I prefer taking the subway over buses when I have an appointment
It's less likely to make me motion sick while reading,
and I enjoy the chance to observe various people
Recently, I overheard two young people discussing stocks on the subway,
and their conversation caught my interest
They were talking about the hot topic of the moment: covered call ETFs.
A : "Hey, have you heard about covered call ETFs? They're insane!"
B : "What’s that?"
A : "Dude, they pay a ton every month."
B : "That sounds like a scam."
A : "No, seriously, the money just keeps coming in every month!"
B : "Wow, that sounds crazy. But is it legit?"
A : "Not sure, but I’m telling you, it pays every month!"
There are countless types of ETFs out there, but today,
I want to focus on what's being hyped as a money-printing ETF—the covered call ETF
Instead of diving deep into how it works (you can easily find that on Wikipedia),
let's cut to the chase and see if it's actually profitable
Let’s take a look at the most famous one, the Tesla Covered Call ETF (TSLY), and do some quick math
As of September 3, 2024, the price per share is $13.74
But what’s important here is the monthly dividend payout
If we look at the latest dividend declaration, we see that last month, it paid out $0.96 per share
Now, let's do some simple math
If you bought a share for $13.74 and received $0.96 as a dividend, what's the yield?
The calculation is straightforward: $0.96 ÷ $13.74 × 100 = 6.98%
But here’s the kicker: this is a monthly yield
If you annualize it, the return is: 6.98% × 12 = 83.76% annually (lol)
At this point, you might be thinking, “Wow, that’s incredible!

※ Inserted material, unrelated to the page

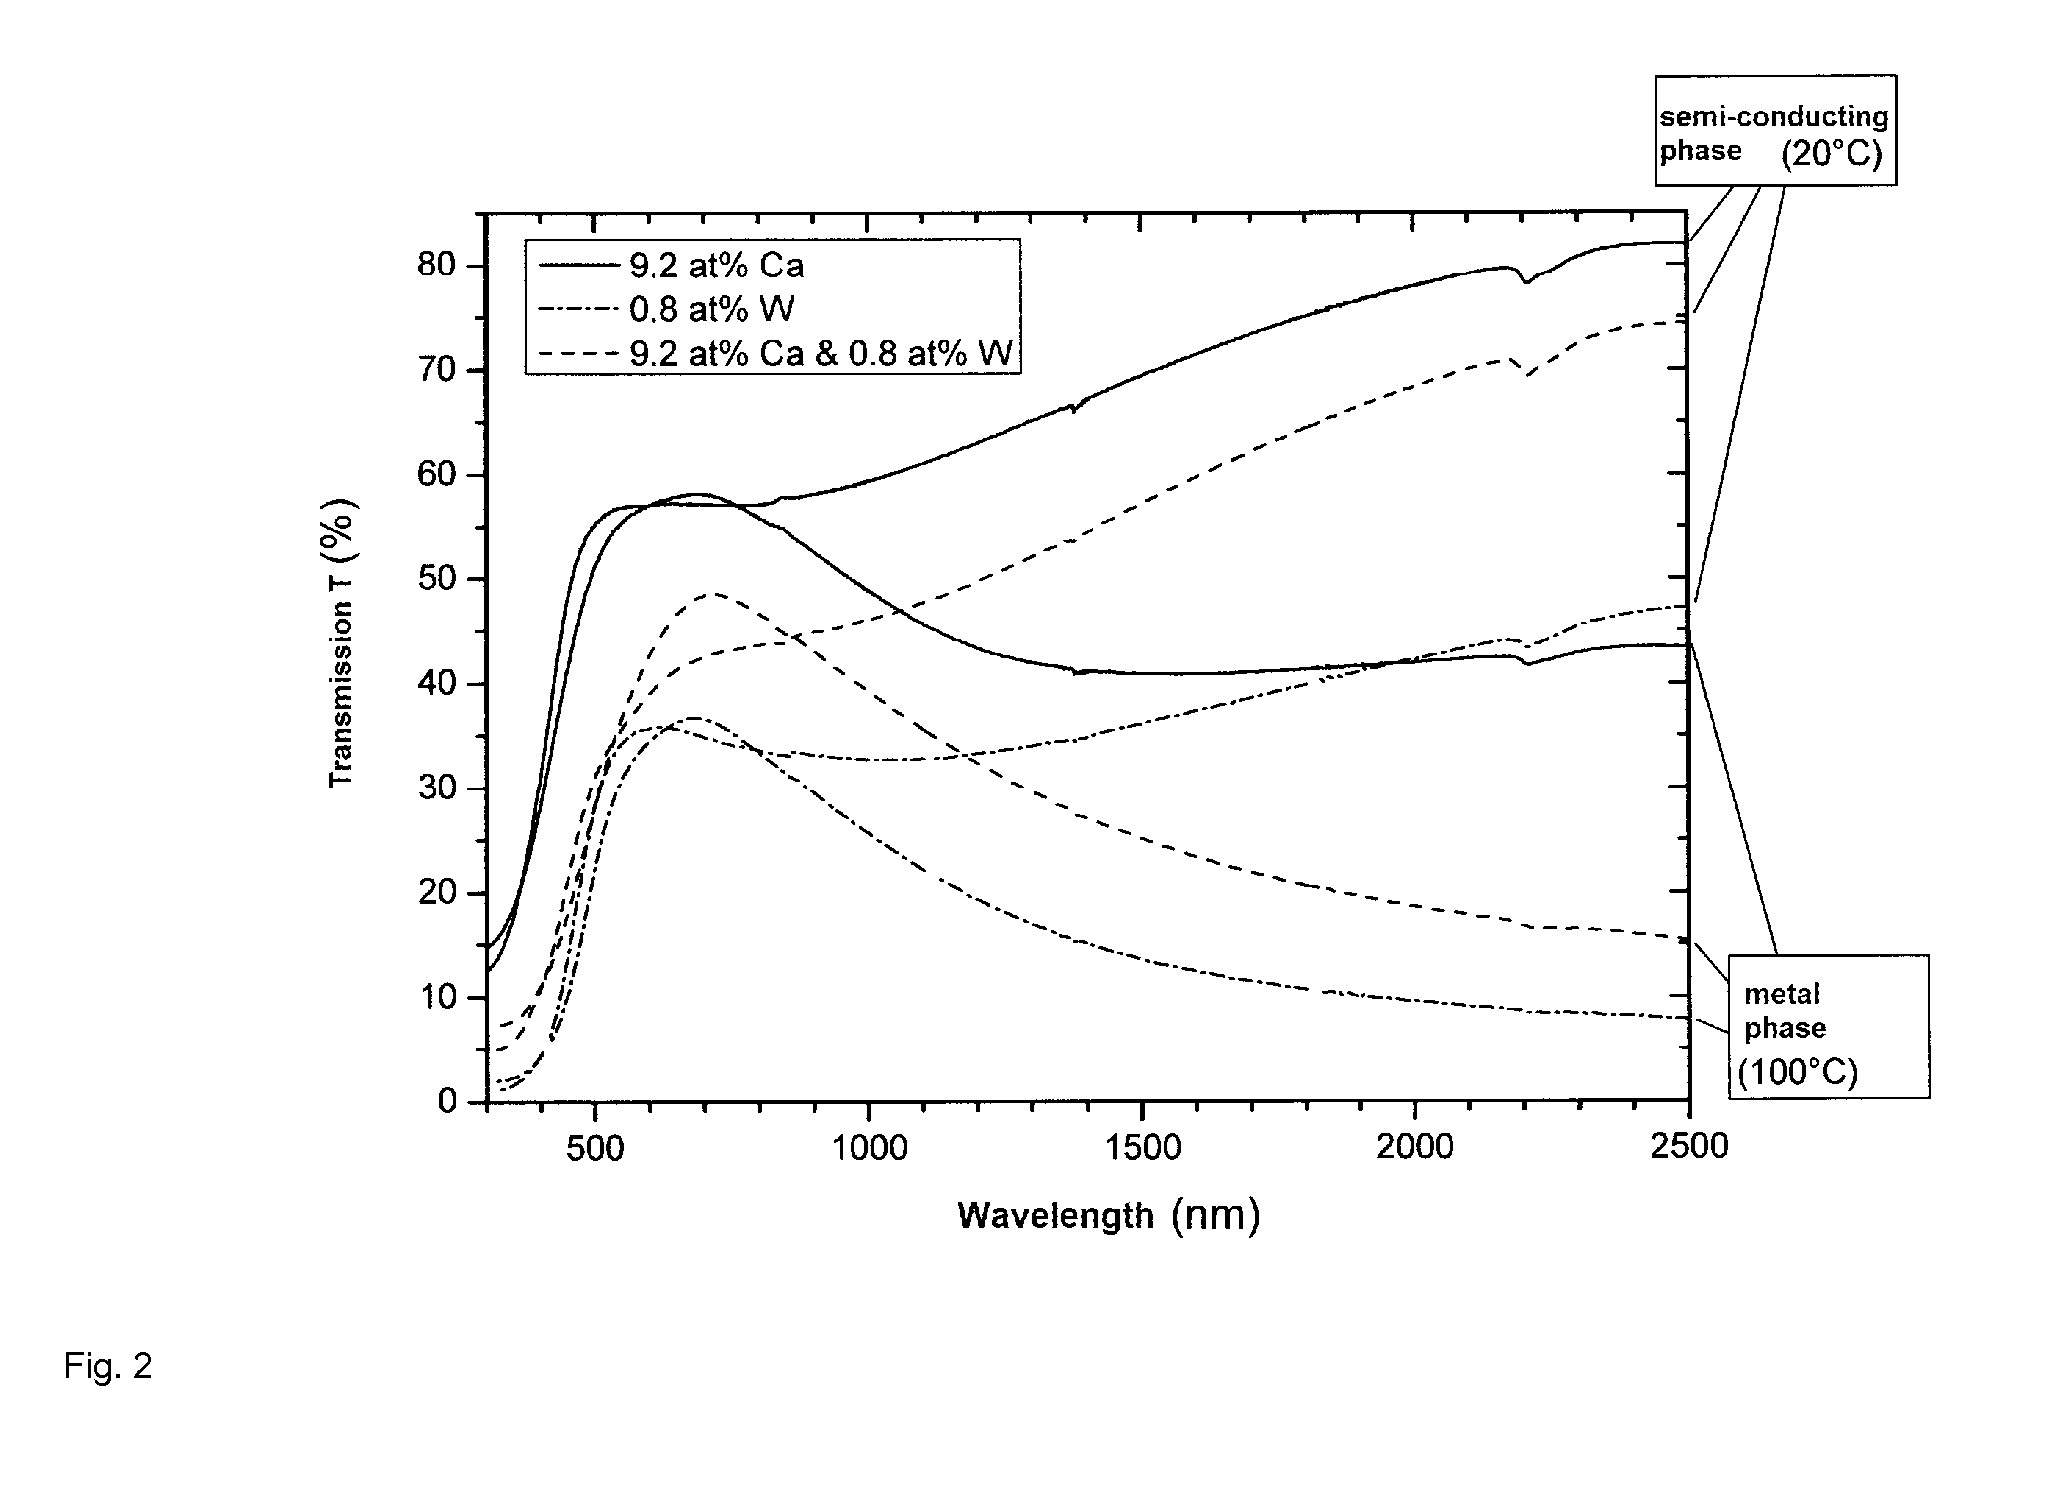 Thermochromic glass comprising a coating of neutral-colour vanadium dioxide

I’m all in!”
But hold on a second—let me calm you down before you go all in on this
Take a look at TSLY’s price chart
If you had bought it at the start of 2024, the price was around $25 per share
Now it’s dropped to $14, meaning your original investment has taken a 44% hit
Let’s run a quick simulation then
If you had invested $100 at the start of the year, you would have bought four shares at $25 each
With a monthly dividend payout of $0.96 per share, that would give you: 4 × $0.96 = $3.84 per month
If you held it for eight months, you would have earned a total of: $3.84 × 8 = $30.72 in dividends
But remember, the share price dropped, so your initial $100 is now worth: $14 × 4 = $56
So, your total assets would be: $56 (remaining principal) + $30.72 (dividends) = $86.72
That means, despite investing in a product with an 84% annual dividend yield,
you’ve actually lost 14% of your original $100 investment over eight months
While the high dividend yield is tempting, the risk of capital loss is real,
and that’s something you’ll need to consider carefully
So, People around me are talking about making a fortune with covered call ETFs,
It could be half right and half wrong :) haha
Wishing you all success and good health!